This case exemplar showed an initially healed early failure root canal following endodontic retreatment in 2017, becoming unsuccessful approximately five years later. Factors contributing to the development of late failure may include coronal leakage, new fractures, and latent intra-radicular infections. Several long-term clinical studies [10,12,29] support the importance of longer periods of review (longer than 4 years as suggested by the European Society of Endodontology) [4] to detect any late failures following endodontic therapy. This exemplar supports this conclusion.

Coronal leakage is an important factor that may contribute to the failure of good endodontic treatments by allowing microorganisms to contaminate the obturated root canals [13]. Both in vitro laboratory experiments [16] and in vivo animal studies [17] indicate the possibility of bacterial leakage contaminating the root canal system and ultimately leading to treatment failure at a later time. In this exemplar case, a gap was detected clinically around the existing crown margins in 2022; this was not seen in 2017 nor confirmed on the radiograph (Figure 1). This may implicate bacterial leakage from oral fluids and contamination of the root canal system.
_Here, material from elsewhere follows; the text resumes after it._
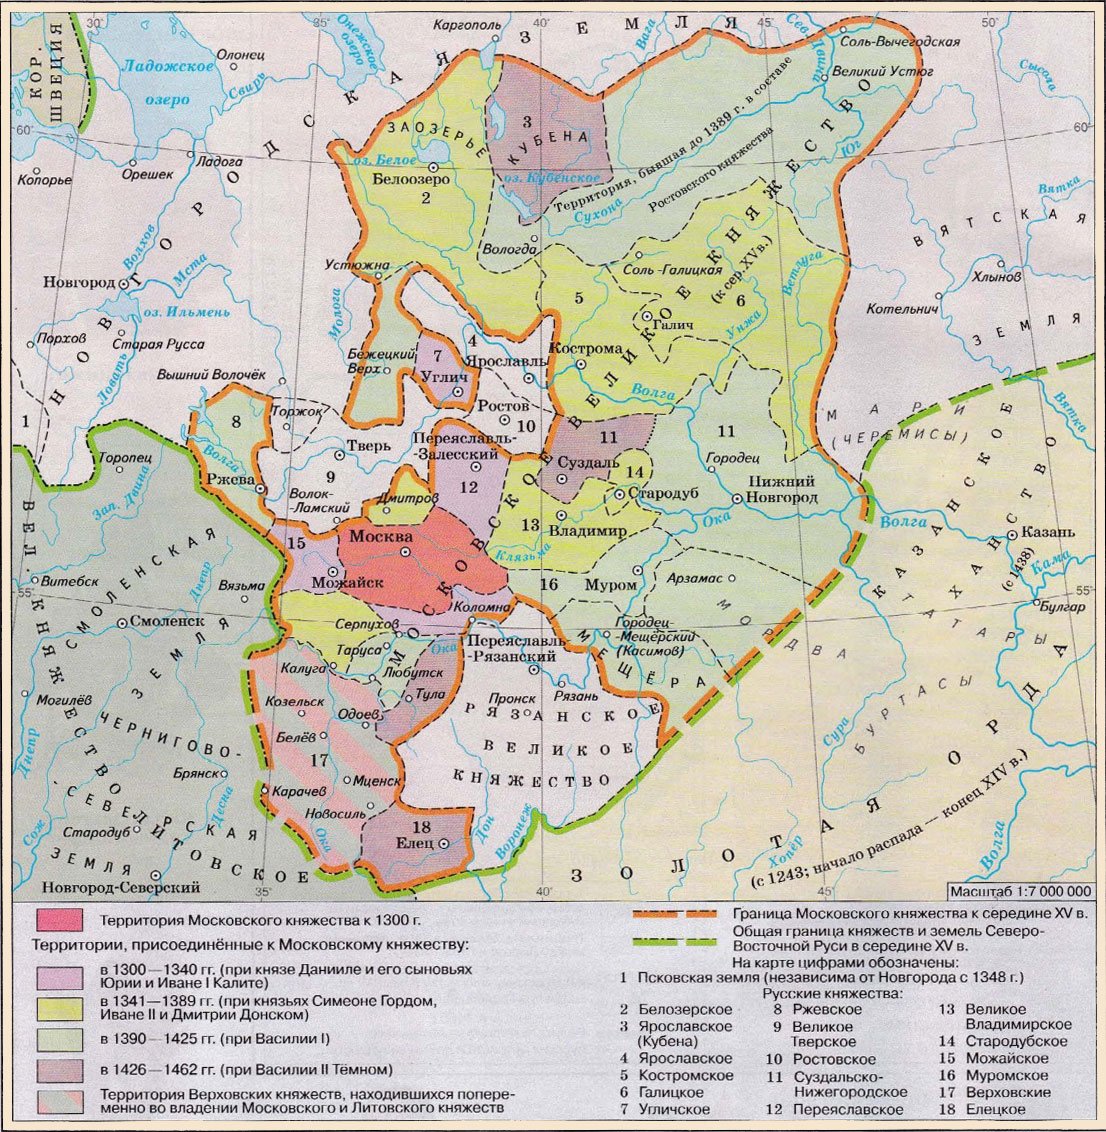 Рост территории Московского княжества в 14-15 веке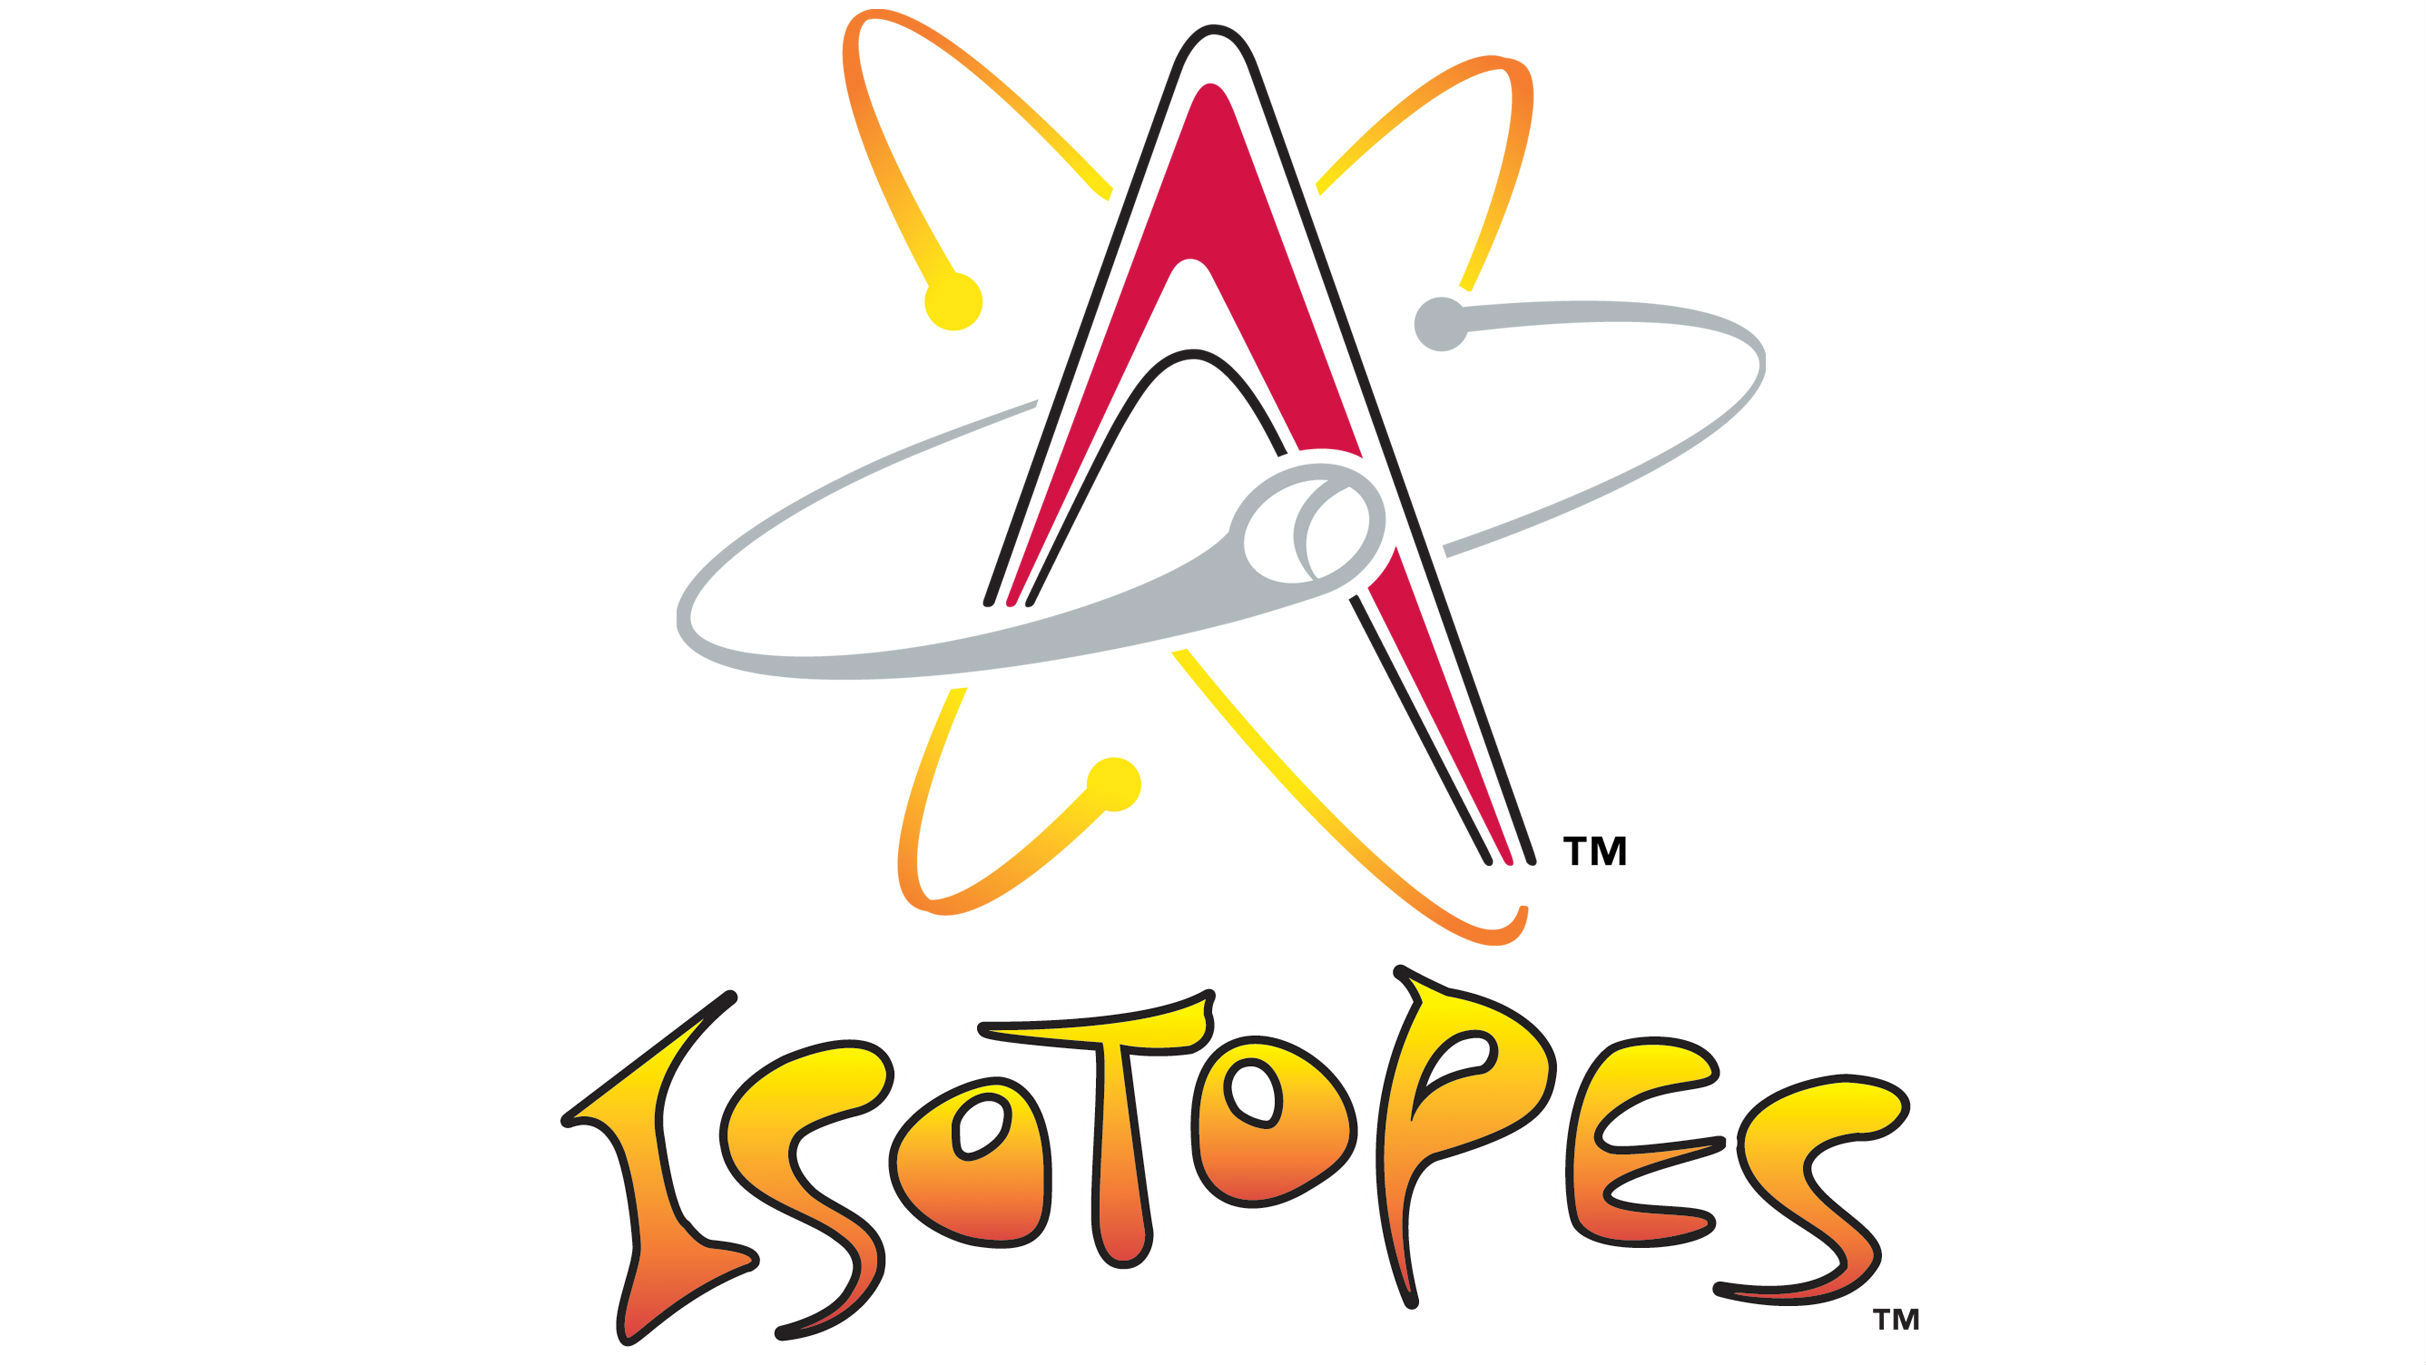 Albuquerque Isotopes vs. Las Vegas Aviators

The literature review Heling [18] conducted between 1969 and 1999 suggested that once the coronal seal is lost, bacteria and other irritants from saliva may reach the periradicular tissues, affecting the outcome of the root canal therapy. The absence of periapical infection around an endodontically treated tooth in the long term is dependent on good quality coronal restoration and a well-performed root canal treatment combined [19,20]. Ricucci and Bergenholtz [21], however, challenged the significance of coronal leakage. Their observations concluded that good endodontic treatment, involving adequate chemomechanical therapy and an optimal root canal filling, could resist bacterial leakage even when coronal restoration is inadequate or lost. Their results showed that bacterial penetration of the root canal fillings mainly affected the coronal portion of the root canal, even after exposure to bacteria and caries for a prolonged period. If root canal treatment was inadequate, subsequent coronal leakage may result in disease recurrence and, ultimately, late failures.

Development of a new fracture can lead to the loss of a good endodontically treated tooth. Vire [14] observed that close to half of the failures seen over a 1-year period in endodontically treated teeth treated in a busy group practice were due to crown fractures, and the average time between completion of endodontics and extraction was 59.4 months. This finding agrees with Salehrabi and Rotstein [11]. Their retrospective study over an 8-year period on the outcome of initial root canal treatment showed that nearly 80% of the extracted teeth recorded during the period did not have a crown. This is unsurprising since studies have shown that full coronal coverage is important to the long-term outcome of endodontically treated teeth [10,22]. To prevent root canal treated teeth from fracturing, a retrospective cohort study by Aquilino and Caplan [23] observed a strong association between crowns as a coronal restoration and the long-term tooth survival of root canal-treated teeth [23]. A crown restoration that provides full cuspal coverage ideally should protect the endodontically treated tooth against fracture [22,24]. This exemplar case, however, developed a vertical root fracture even though the tooth was crowned, that ultimately required extraction. Therefore, this case could be interpreted as a late endodontic failure.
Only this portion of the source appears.